Git and Python 3.10+ are required. Pull the repository and install python dependencies:

git clone https://github.com/scholarsportal/gov-docs.git
cd gov-docs
python -m venv .venv
source .venv/bin/activate
pip install -r requirements.txt

Create a .env file with the following content:

API_KEY = <your-Ollama-api-key>

1. Download Internet Archive Documents

Create or edit the csv file containing the Internet Archive download links in the docs folder. Then run the downloader:

python get_ia_files.py docs/govdocs_1.csv 10

The optional number parameter after the input csv file indicates the maximum number of documents to be downloaded.

2. OCR

You can use the ocr_pdf.py script to perform OCR on a pdf file. This script uses Tesseract to detect text in a pdf and then saves it to a text file.

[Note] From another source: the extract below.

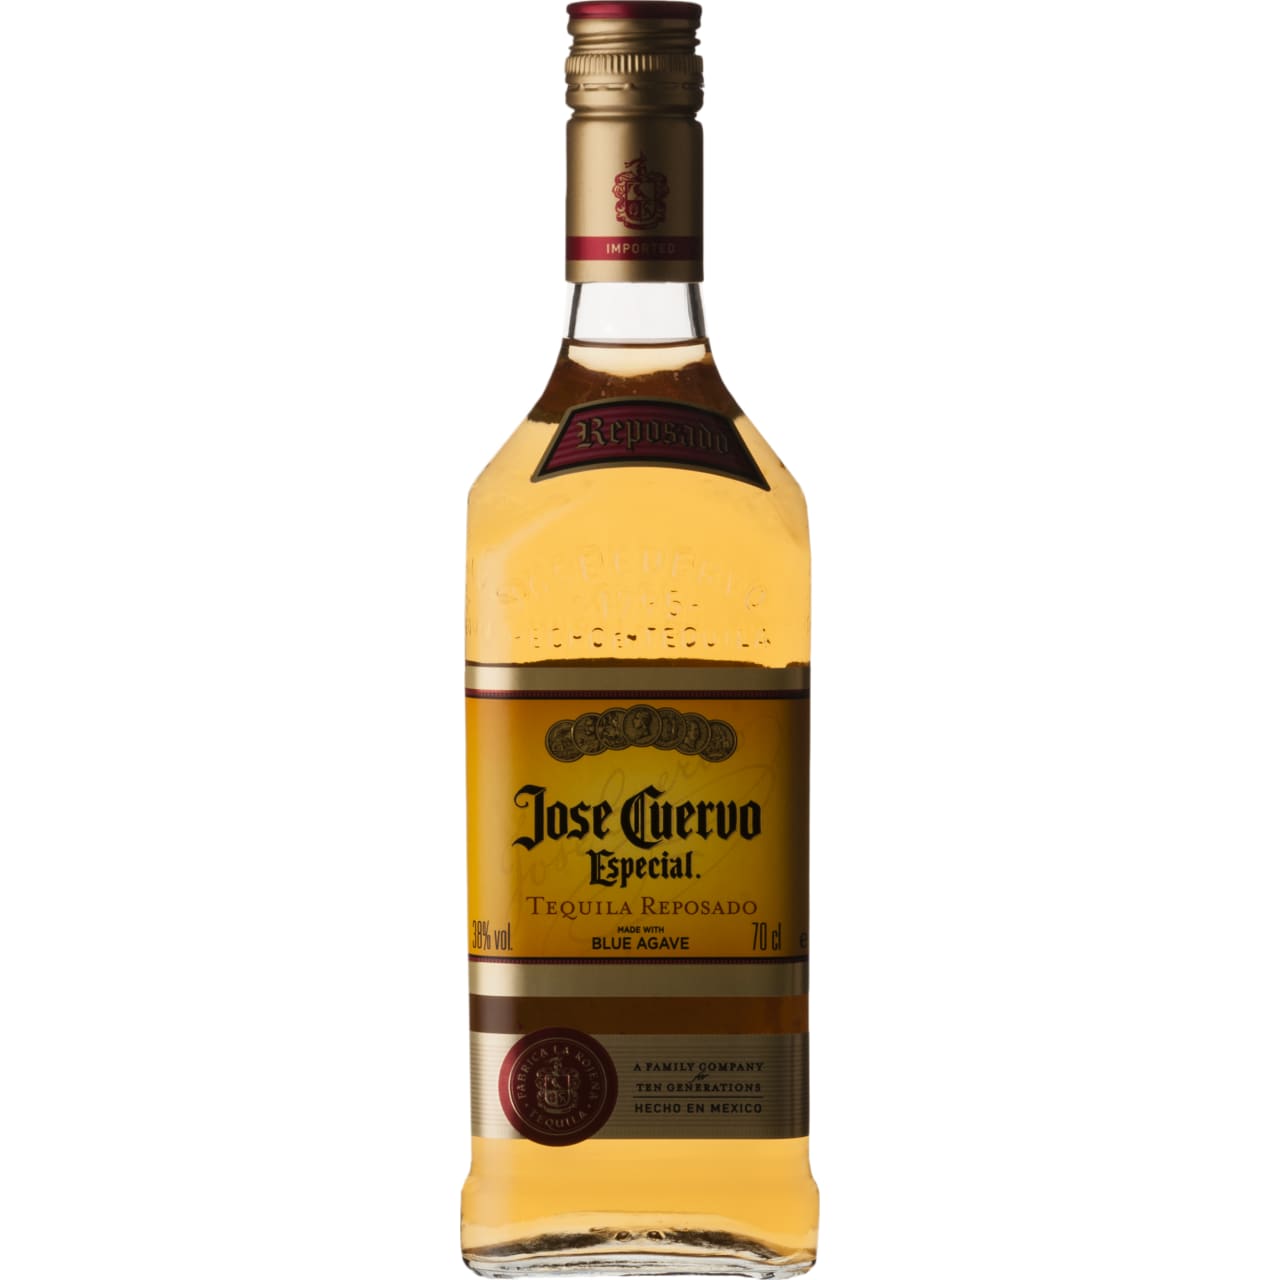 This gold tequila from Jose Cuervo is made from Blue Agave and a blend of Reposado and other high-quality aged Cuervo tequilas.

If your pdf files are located in the docs folder, the script can be executed like this:

python ocr_pdf.py docs --dpi 200 --contrast 0.7 --lang eng --debug --force

The debug flag will limit processing to 30 pages. The dpi setting controls the resolution of the images used for OCR. Try to match the input document resolution. The contrast setting is a multiplier that can be used to adjust the contrast of the image before OCR. Use higher values if some text is not detected and lower values if too much text is detected. If you are getting lots of garbage text, try lowering the contrast to 0.8 or even 0.7. The lang setting controls the language used for OCR. You can use multiple languages separated by a + sign, e.g., --lang eng+fra (default). Normally, the script will not redo the OCR if a .txt file already exists. Using the --force parameter will override this behaviour.

The output will be saved as text files in the text folder.

3. Extract Metadata

Ensure that all the text files to be processed are in the text folder and then run the script:

python process.py text --force --debug

The --force parameter will ensure that embeddings are recreated. By default existing embeddings are kept. The output will be written to a json file named metadata.json.